# Firefox and Firefox ESR on 12.2-RELEASE, segmentation faults



## eldaemon (Nov 6, 2020)

I updated to 12.2-RELEASE recently and compile firefox (normally, www/firefox-esr) with `portmaster`. I was using firefox-esr 68, with the 2020Q3 ports tree. Now with 2020Q4 it's on firefox-esr 78 and my firefox builds segfault, even in --headless mode.

Is anyone having this issue with the upstream packages?

Thank you!






						250914 – www/firefox-esr: Segmentation Fault with 78 and Dante package installed
					






					bugs.freebsd.org


----------



## PMc (Nov 10, 2020)

I've been hit by what might be this one, too.

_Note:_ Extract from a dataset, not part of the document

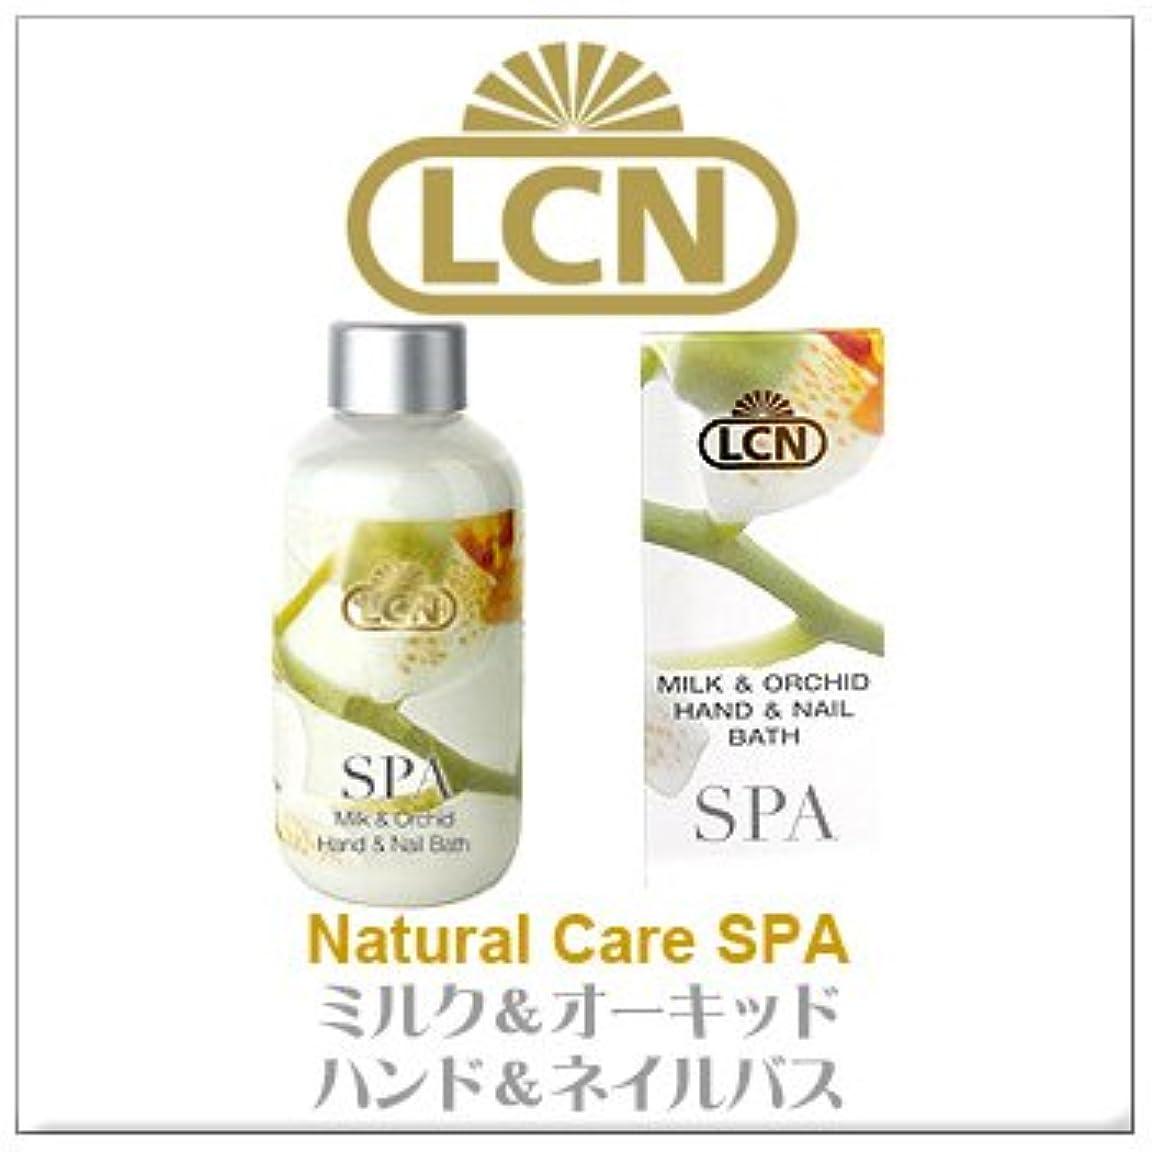 LCN ナチュラルケアスパ ミルク&オーキッド ハンド&ネイルバス
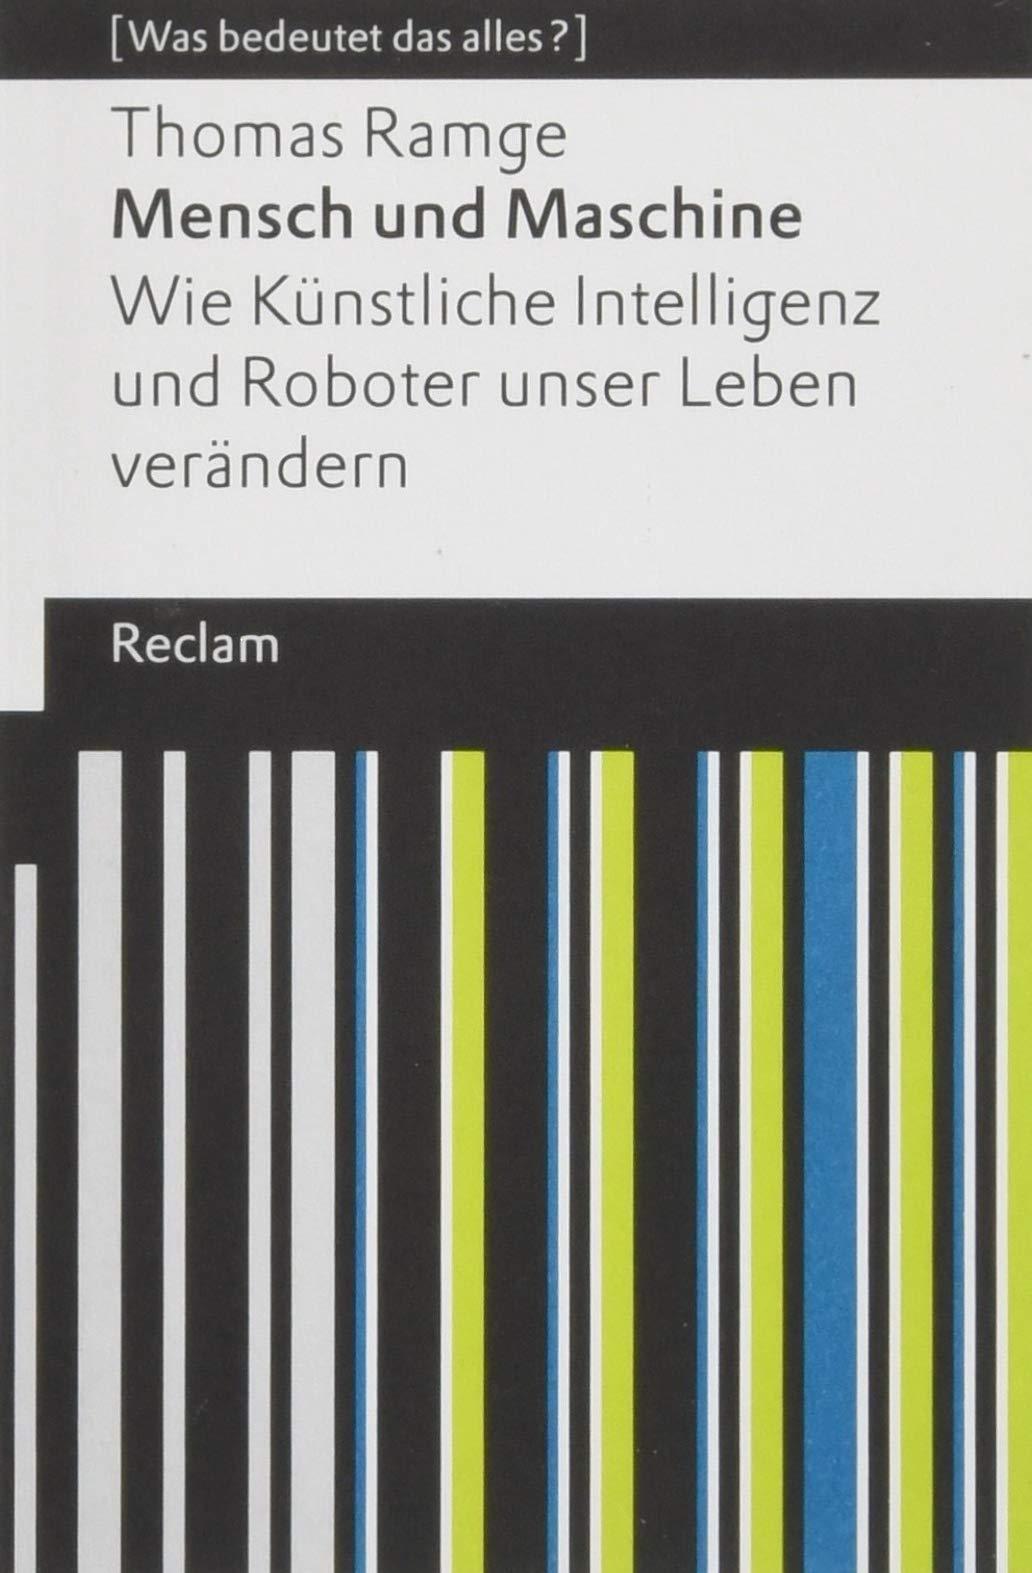 Mensch und Maschine: Wie Künstliche Intelligenz und Roboter unser Leben verändern. [Was bedeutet das alles?] (Reclams Universal-Bibliothek) Taschenbuch – 16. März 2018 Thomas Ramge Dinara Galieva Philipp jun. GmbH

I'm not using packages.

In my case the solution was found here:





						⚙ D23100 lang/rust: Add COMPAT_FREEBSD11 canary
					






					reviews.freebsd.org
				




_"The Rust ecosystem currently uses pre-ino64 syscalls, so building lang/rust without COMPAT_FREEBSD11 is not going to work."_

So, check if You have COMPAT_FREEBSD11 in the kernel, and if not, then that it the cause.
(Not sure what has to be rebuilt, besides the kernel)

Details: https://lists.freebsd.org/pipermail/freebsd-stable/2020-October/092780.html


----------



## eldaemon (Nov 10, 2020)

Thank you. I'm still running the stock kernel configuration, so COMPAT_FREEBSD11 should still be set. I think this is something else.

One thing I've noticed is that anything OpenGL crashes, but I think it's a different issue because Firefox won't even run in Xephyr.


----------



## eldaemon (Nov 14, 2020)

I figured it out! Finally!

`pkg install dante` induces the issue. `pkg remove dante` fixes the issue.


----------